Такие мысли приходили в голову Гарвея большей частью в солдатском трактире, когда полк сменяли и посылали «на отдых». Однако отдых китченеровцев сводился к бесконечным и однообразным казарменным учениям, превращавшим их прежнюю окопную службу в почти вожделенный оазис безделья. Единственным светлым пятном здесь, наряду со свободными вечерами, был тот самый трактир, где, впрочем, солдата — а тем более бывшего официанта! — одолевали совершенно невоенные и довольно-таки меланхолические мысли.

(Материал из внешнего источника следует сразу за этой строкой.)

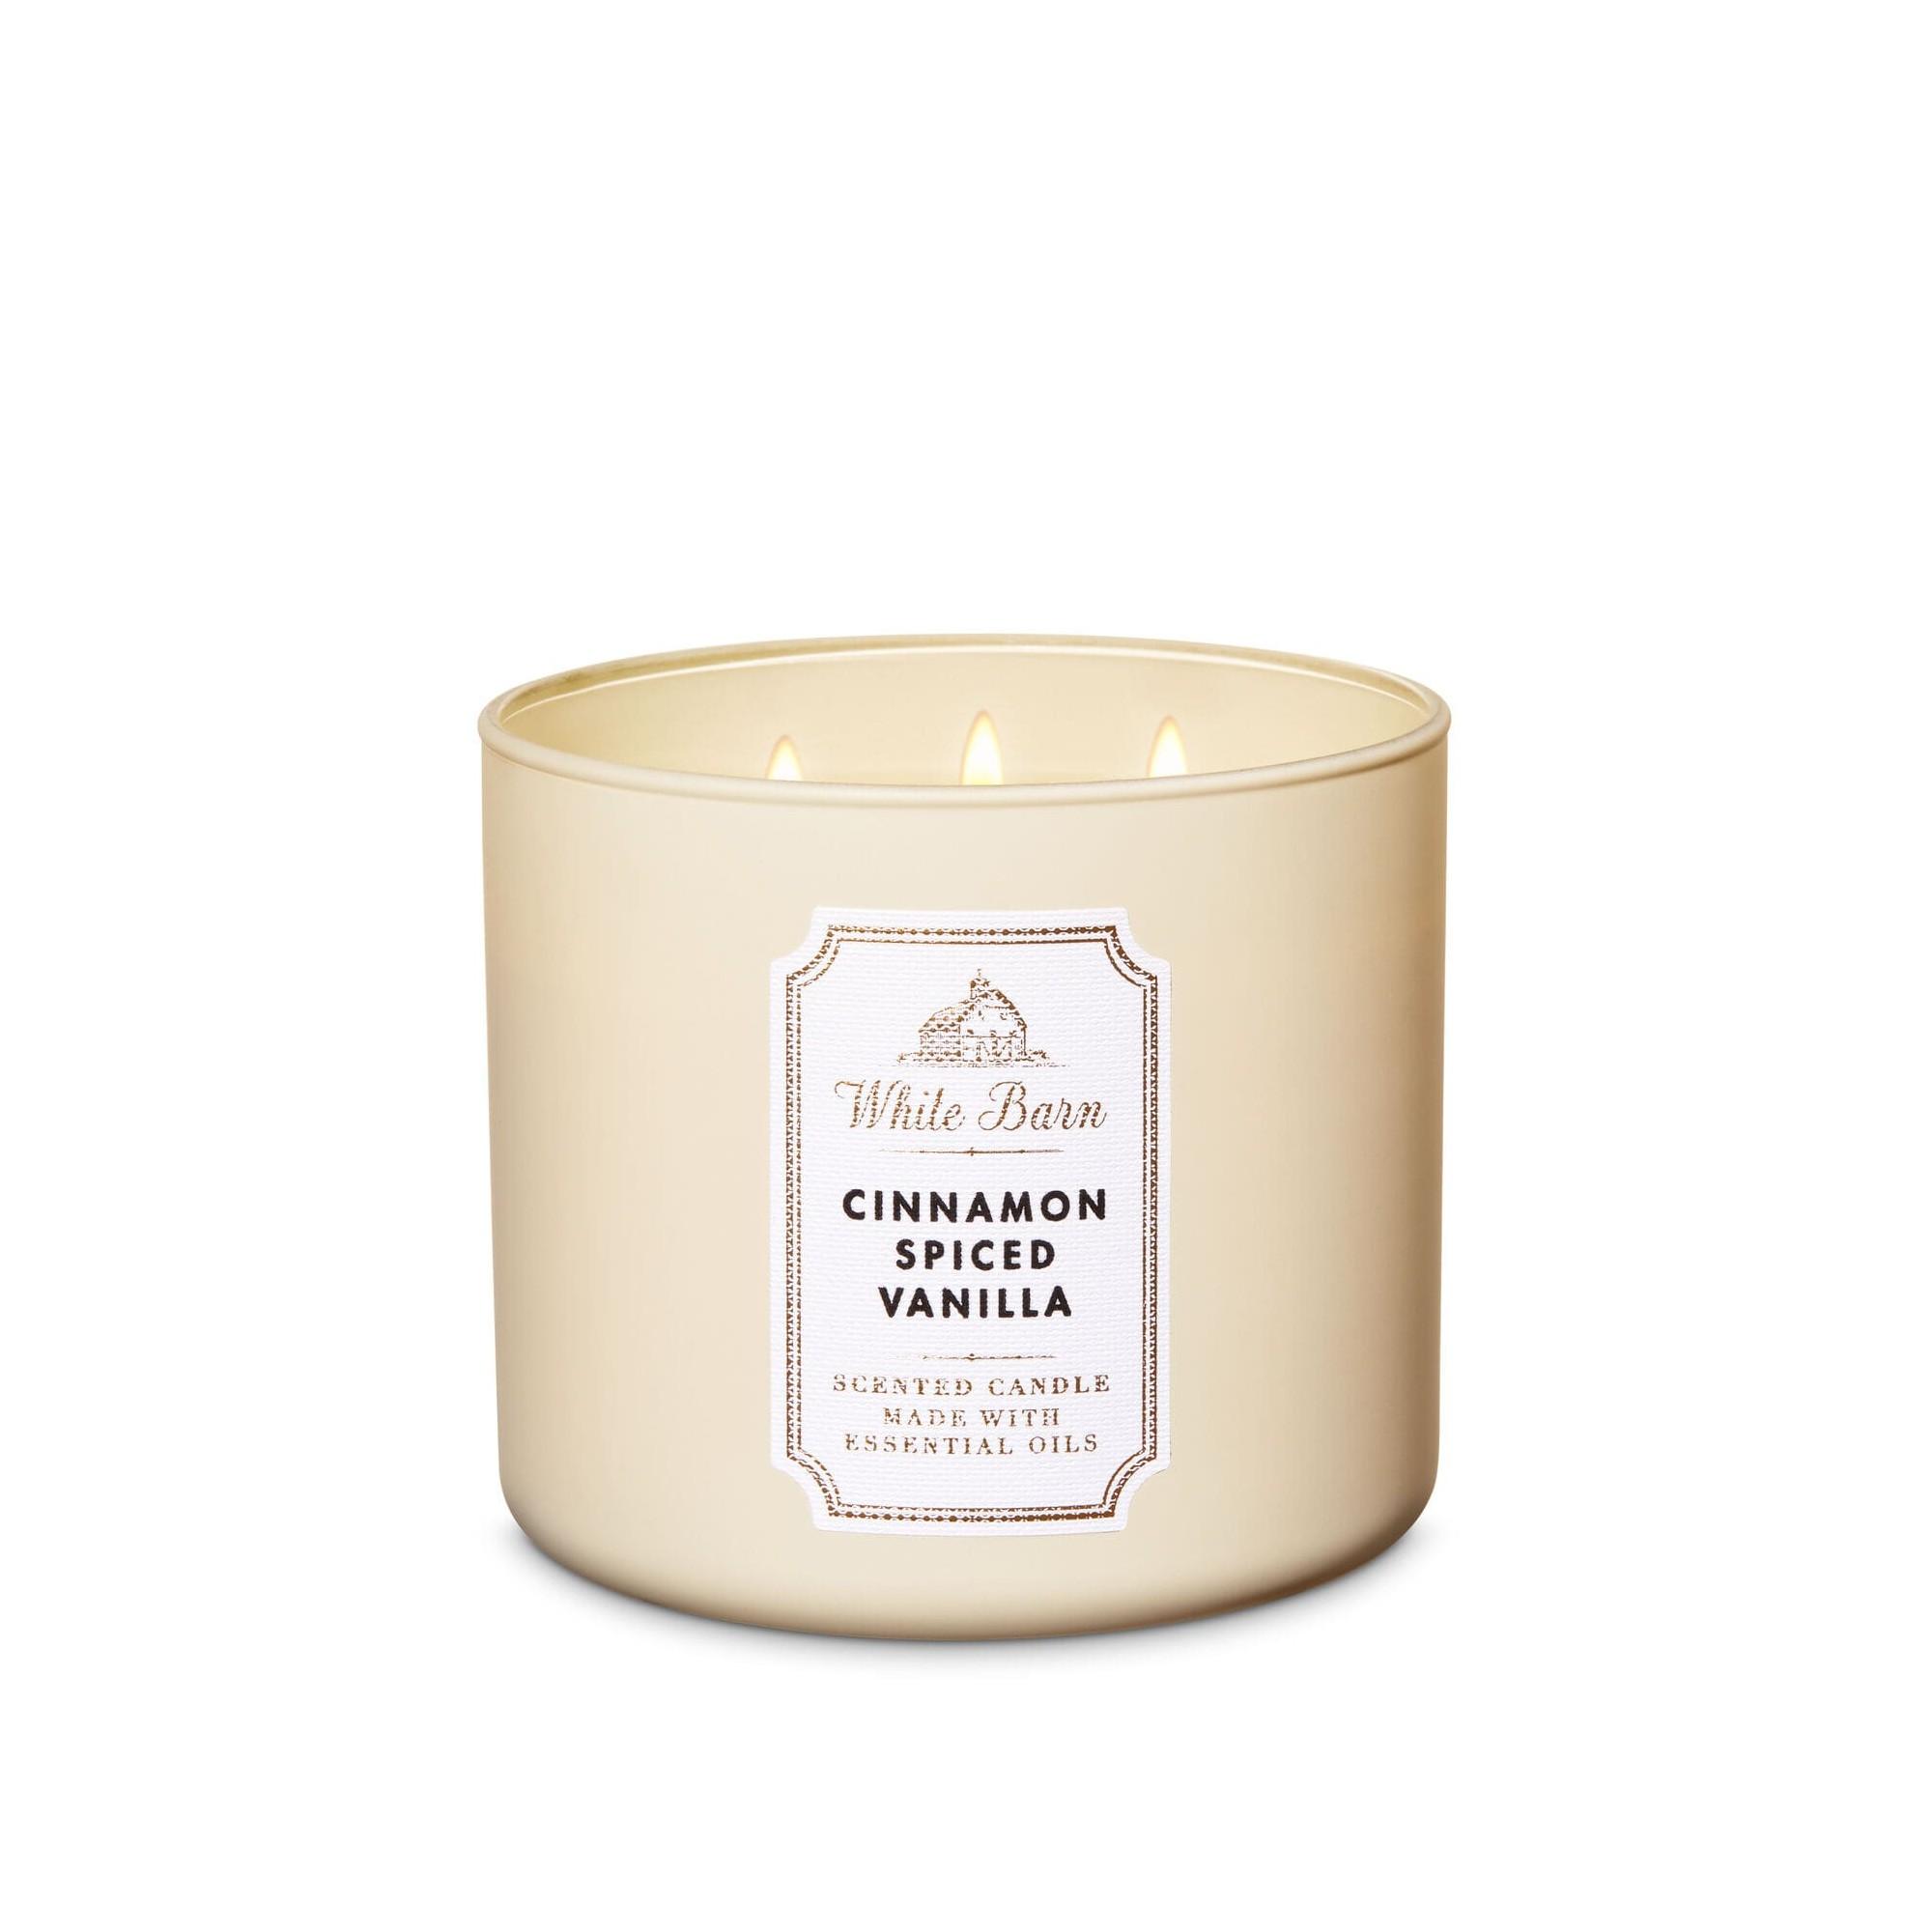 Bath & Body Works White Barn Cinnamon Spiced Vanilla 3 Wick Scented Candle

И только на седьмой неделе фронтовой жизни Гарвея произошло событие, превратившее его в настоящего героя. К такому заключению он пришел сам после придирчивого анализа, взвешивания и окончательной оценки.

Затем это событие было квалифицировано его товарищами как самая большая удача, о которой только может мечтать солдат. Речь шла о ранении, обеспечившем пострадавшему без серьезного ущерба для здоровья госпиталь и транспортировку в Англию.

Кроме того, различные обстоятельства позаботились — для будущего успокоения совести Гарвея — о надлежащей драматической «рамке» происшествия.

За несколько дней до того артиллерийская пальба неприятельских батарей приблизилась чуть ли не к самой границе участка, где служил Гарвей. На сей раз это действительно была убедительная иллюстрация к представлениям Дональда о войне, отдававшаяся гулом в барабанных перепонках, бившая по нервам и заставлявшая колебаться почву под ногами. Достаточно было часа, минуты, секунды, чтобы шквал артиллерийского навесного огня продвинулся на километр дальше, накрыв блиндаж связистов. Сами они не делали, да и не могли делать ничего иного, как то же, что и при прежних, более невинных артиллерийских налетах: просто сидели, прилепившись спинами к земляным стенам блиндажа. Но страх и представление о собственном героизме поднимались в сознании солдат все выше, точно ртуть в термометре.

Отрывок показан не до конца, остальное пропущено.